One advantage over other laser-based hearing devices designed for the outer or middle ear, such as the Earlens, is that the optoacoustic approach would not require a sensor-actuator component be attached to the hearing system (e.g., the ear drum). Similar to the Earlens27,34, since the transmitted energy is light instead of sound, acoustic feedback can be greatly reduced for an optoacoustic-based hearing aid, potentially providing greater frequency bandwidth and sound quality to the patients without requiring full occlusion of the ear canal. In cases where there is damage to certain regions of the middle ear pathway (e.g, ossicular chain and/or the round window niche being not sufficiently accessible), in which the Earlens or conventional middle ear implants may not be suitable, an optoacoustic hearing device could be implanted into the middle ear cavity with a fiber or fiber bundle targeting bone regions beyond the damaged area, especially in cases where there is no reliable location to attach the actuator of a middle ear implant.

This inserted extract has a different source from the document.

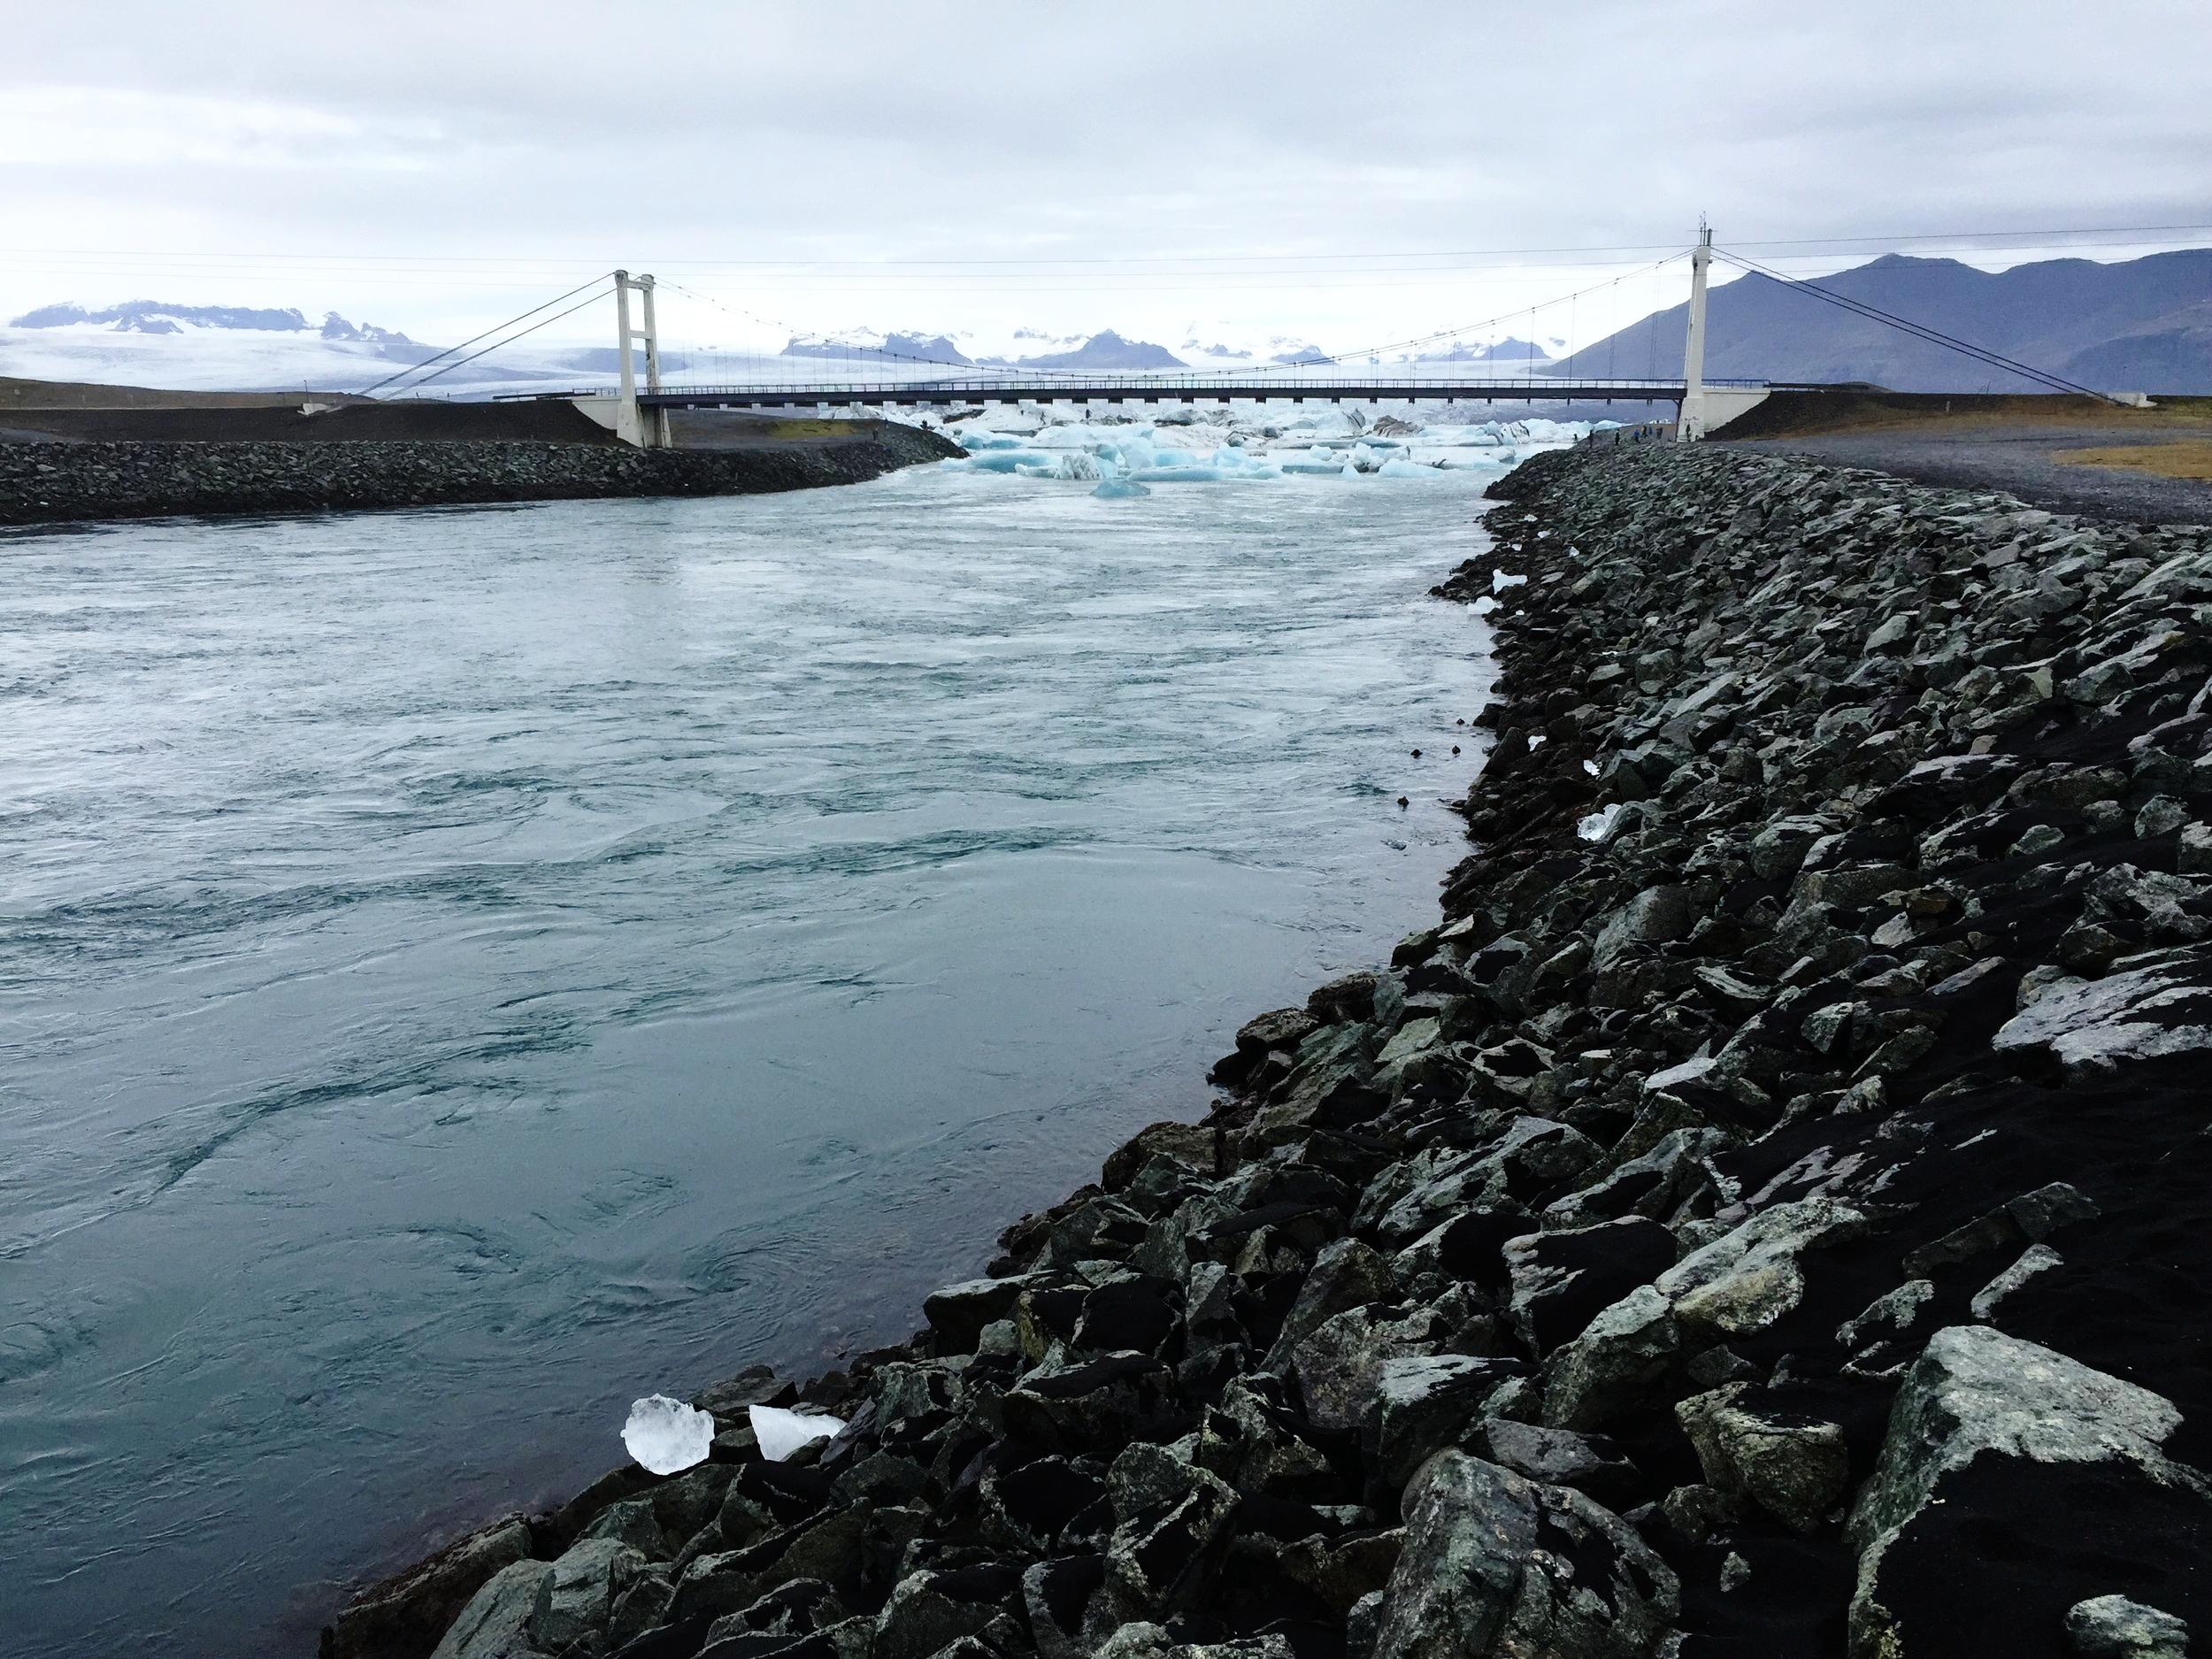 My favorite bridge in Iceland

There are still several challenges that need to be addressed before an optoacoustic hearing device can be translated into patients. First, an optical fiber or fiber bundle needs to be positioned safely and stably into the ear canal or into the middle ear cavity. One option for the outer ear canal would be to embed the fiber(s) into a vented earpiece that can be inserted into the ear canal or in the inner portions of the concha. The location of the microphone should be positioned as close to the entrance of the ear canal to take advantage of the high-frequency pinna-diffraction, possibly embedding it in the same earpiece, assuming acoustic feedback within the ear canal caused by the vibrating ear drum is minimal34 and needs to be characterized in a future study. Within the middle ear cavity, the fiber(s) could be embedded in a miniaturized and biocompatible guide tube or casing that is fixed to healthy bony wall within the mastoid and the fiber(s) can be oriented towards different portions of the ossicular chain or bony area in close proximity to the inner ear, round window or surrounding bony structures (e.g. promontorium).

Second, a stimulation strategy is needed that can transmit complex signal patterns, such as speech and music, to the outer and middle ear structures. The fact that we were able to reliably predict the measured vibratory response at the ear drum level using a LTI modelling approach (i.e., based on a linear, time-invariant assumption) provides optimism that the results observed in our study with simple pure tones and sinusoid modulated laser pulse sequences may reasonably translate to more complex inputs, in which those complex signals can be modelled as a sum of pure tones in a LTI framework. The brain is undoubtedly a non-linear system, and thus further experiments will still need to be pursued to assess how the responses in the ICC and auditory cortex, as well as hearing perception, actually compares between the complex acoustic inputs and the laser pulse sequences modulated by those complex inputs (e.g., by the envelope and/or fine structure features of those inputs). Third, we need to determine the safe range of levels of optoacoustic stimulation within the outer and middle ear and if the maximum level is sufficient to provide a wide dynamic range for useful hearing. Finally, we need to calculate the total energy required to drive an optoacoustic hearing device and to minimize overall consumption to ensure the device can last at least for a full day with daily charging of the device overnight.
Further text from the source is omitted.